Note : Having spent some time over the original problem below, I saw that it can be boiled down to a simpler problem.
Here is that simpler problem :
In a vectorial space (over $\mathbb{R}$) of dimension n, consider the intersection of an hyperplane H of dimension m < n with an orthant (extension of a quadrant to several dimensions).
First question : how many extreme points (vertices) can I have ? I would be happy with only the maximum of that number depending on n and m.
Second question : find a efficient algorithm to enumerate the coordinates of those extreme points having the linear equation linked with the hyperplane.
I tried to reason in the simple case where the intersection of the hyperplane with any facet of the orthant (dimension n-1) is an hyperplane of dimension m-1. In that case, we can prove that extreme points have all m coordinates equal to 0.
element of proof :
The intersection of p facets with H is of dimension m-p So, extrema points (hyperplanes of dimension 0) are intersection of m facets with H.
Furthermore, it is clear We can have only one extrema point when m coordinates are set to 0. So, the number of extrema points is less than or equal to $n \choose m$.
But in dimension 3, for instance, if H is of dimension 1 (a line), the number of extrema points is 2 or less (while ${3 \choose 1} =3$)
So the maximum is less than the found upper bound.
=================== Original problem ========
Extreme points of a probability distribution subject to marginal constraints
Suppose that I have a probability distribution over N binary variables $\chi=(X_i)_{1 \leq i \leq n}$.

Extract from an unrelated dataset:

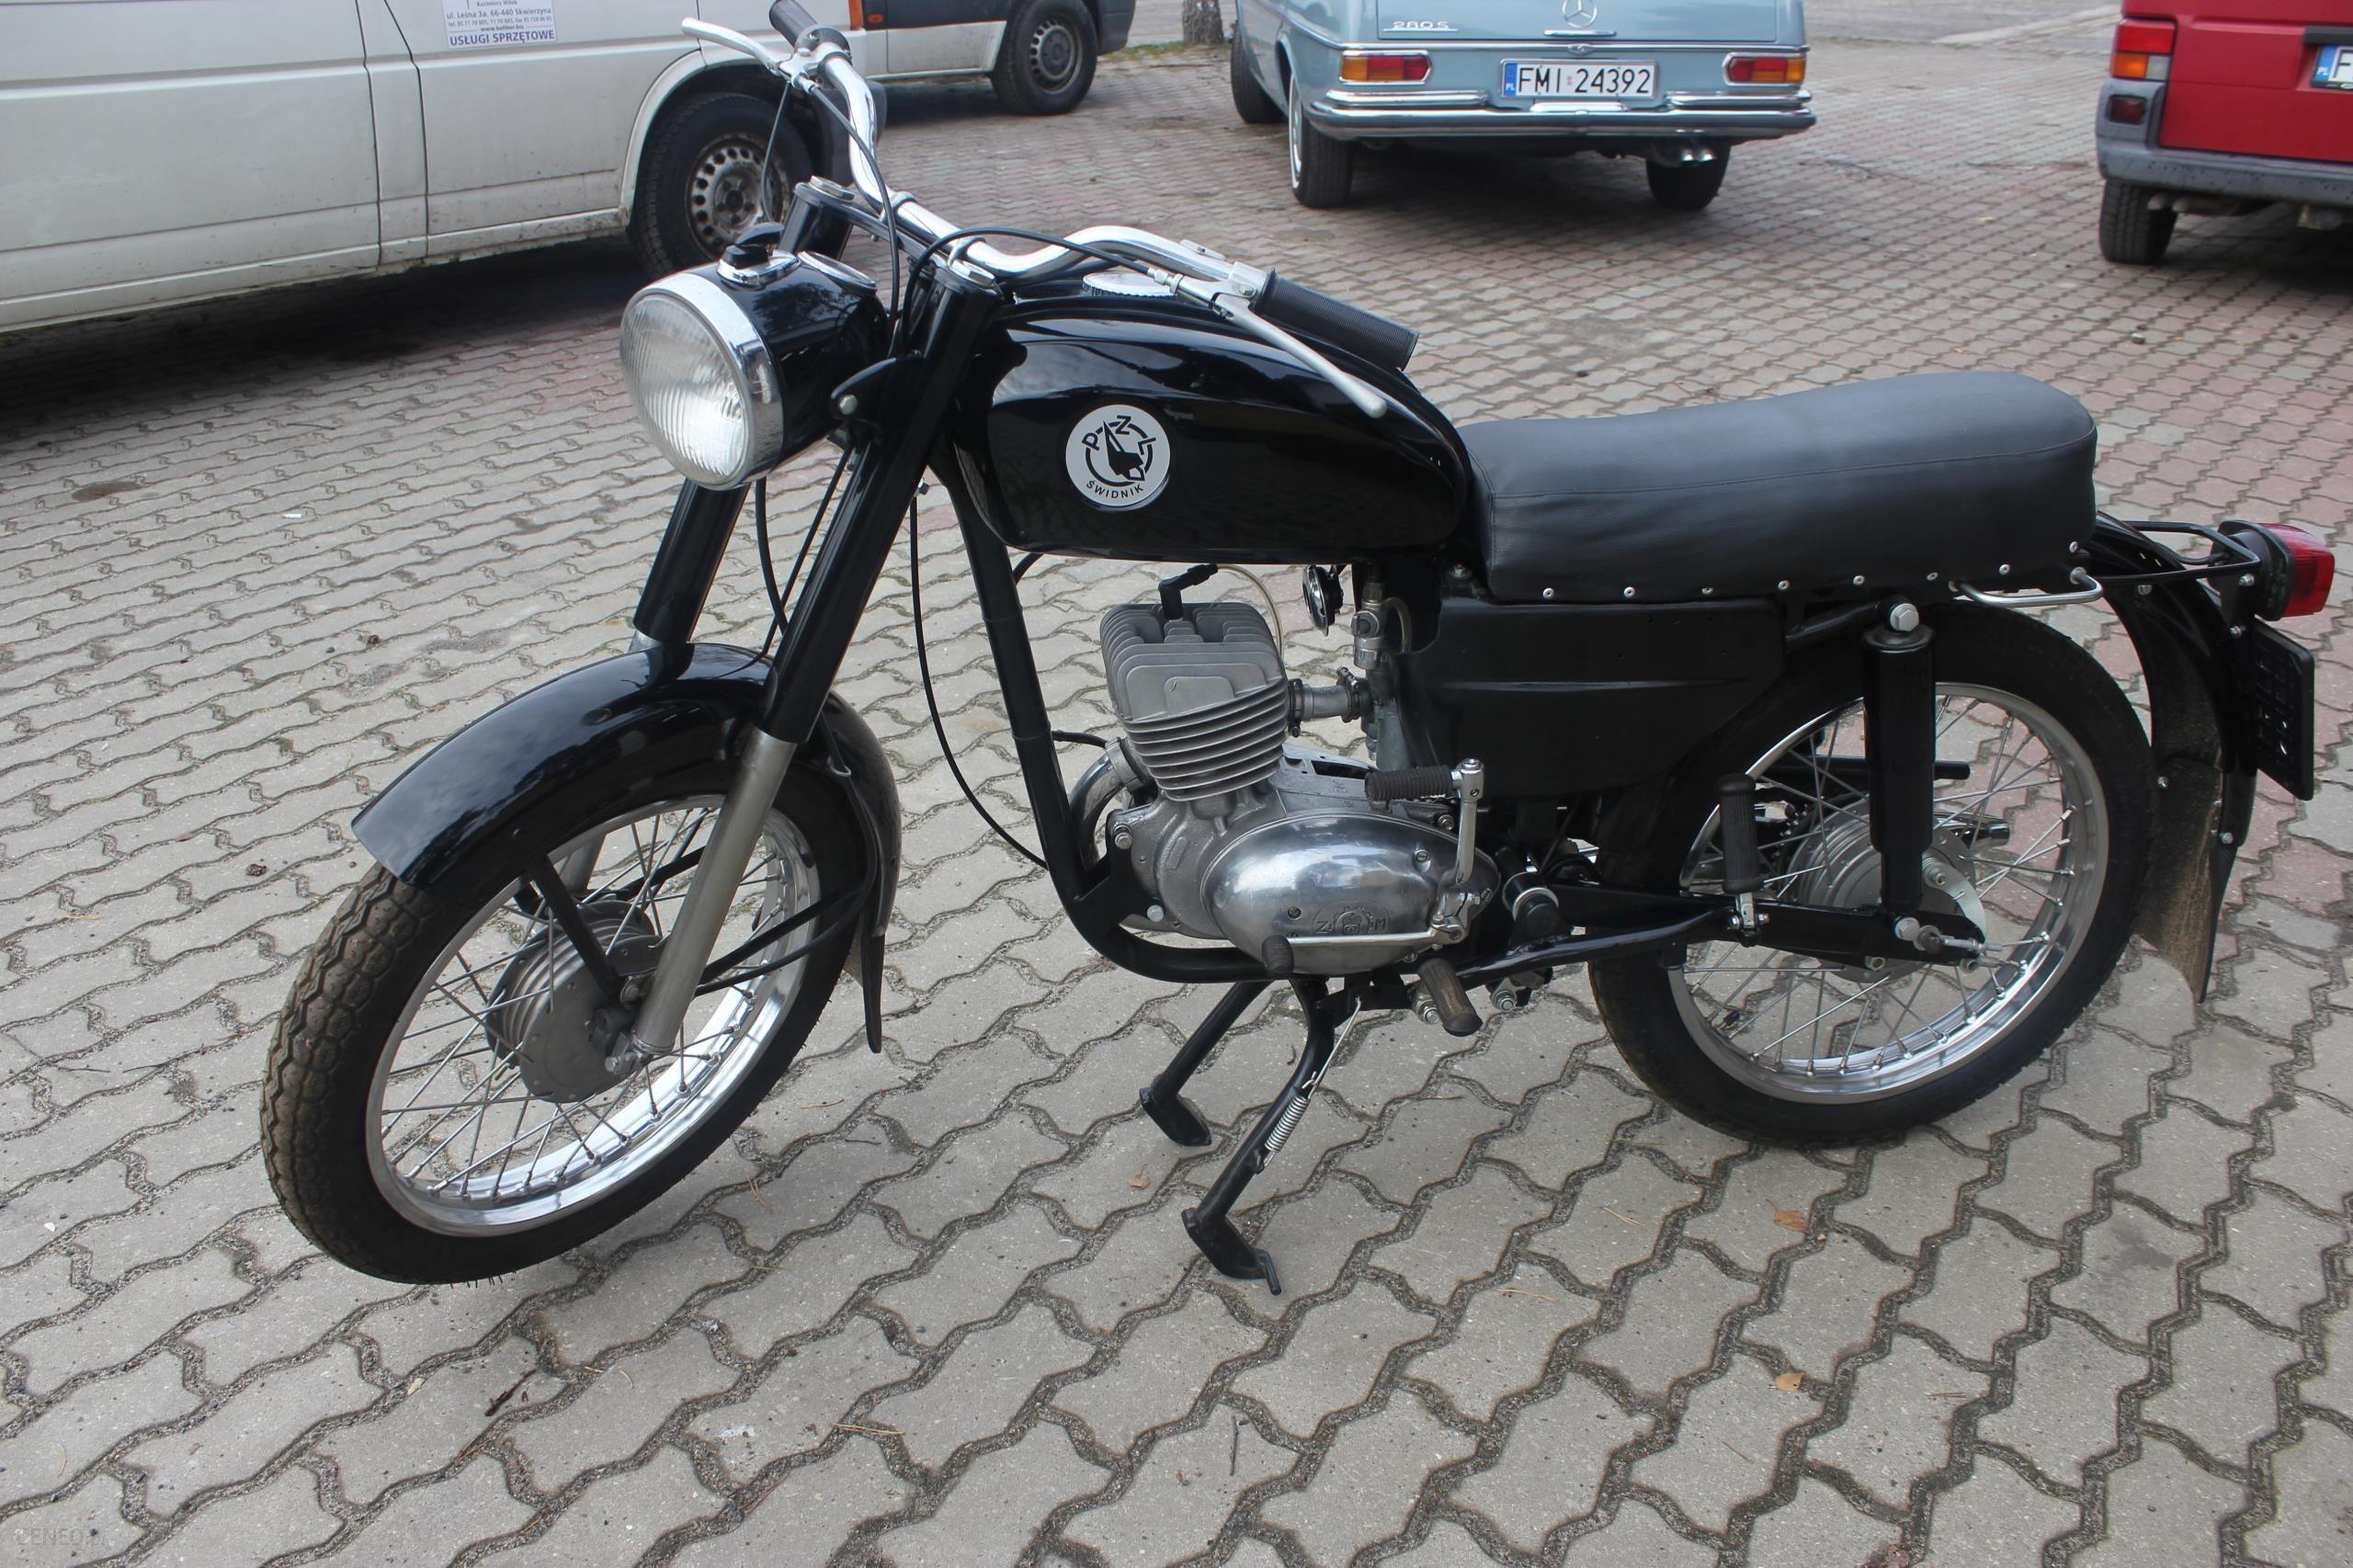 Motor Wsk 125 Opinie I Ceny Na Ceneo Pl

That distribution can be seen as a point on the simplex [$\sum_{x \in val(\chi)}{P(x)}=1$ and $\forall x \in val(\chi), P(x) \ge 0$] where the P(x) are the coordinates of my distribution and $val(\chi)$ is the different outcomes for the variables of $\chi$.
Suppose, now, that I know a set of (coherent) marginal constraints over subsets of $\chi$ Thus, for each constraint $P(X_i=x_i,X_j=x_j, \dots ,X_k=x_k)=C$, I would have additional linear constraints $\sum_{x \in S}(P(x)=C)$ where S is the subset of $val(\chi)$ compatible with $X_i=x_i,X_j=x_j, \dots ,X_k=x_k$
The space that is valid for all my constraints is a convex polytope. Its dimension is $card(val(\chi))-1-N=2^n-1-N$ where N is the number of additional linear constraints.
The question is how find the extreme points of that polytope, the number of those points (or an upper bound of that number) and (that would be great) an algorithm enabling to find neighbour extreme point from any extreme point.
So far, I have devised a simple but fastidious way to identify extreme point :
create counters for each marginal constraints
Repeat for each ordering of $x \in val(\chi)$
sort the $x \in val(\chi)$ in that order.
attribute to each x in turn the highest valid probability P(x)
decrement the counters accordingly
e.g
Suppose I have 2 variables $X_1$ and $X_2$ and 2 marginal constraints :
$P(X_1=0)=0.3$
$P(X_2=0)=0.6$
I create 2 pairs of counters :
P($X_1$) = [0.3, 0.7]
P($X_2$) = [0.6, 0.4]
Then, I start with the natural ordering for $x=(x_1,x_2)$ : (0,0), (0,1),(1,0),(1,1)
I set P(0,0)=0.3 and decrements my counters :
P($X_1$) = [0, 0.7]
P($X_2$) = [0.3, 0.4]
The I have no choice for P(0,1)=0
Then I set P(1,0)=0.4 and decrements my counters :
P($X_1$) = [0, 0.3]
P($X_2$) = [0.3, 0]
Then it comes P(1,1)=0.3
and I continue with different orderings.
well, I have no proved that this method provides only and all extreme points. Furthermore, it requires to do the job for each ordering so the complexity is not polynomial.
The maximum possible number of vertices would be m+1 (for example we can always define an n-1 dimensional hyperplane using n-points on the boundary of the octant). In degenerate cases we could also have fewer vertices.
The intersection of the m-dimensional hyperplane with the octant would generically be an m-dimensional manifold with boundary, in particular an m-simplex, which has m+1 vertices. https://en.wikipedia.org/wiki/Simplex
Again, in degenerate cases (e.g. if one of the directions of the hyperplane is parallel to one of the sides of the orthant), we could expect fewer vertices, but these instances are "negligible" compared to the generic case.
It isn't surprising that the simplex algorithm is applicable here given the geometrical interpretation of the problem as enumerating the vertices of a simplex.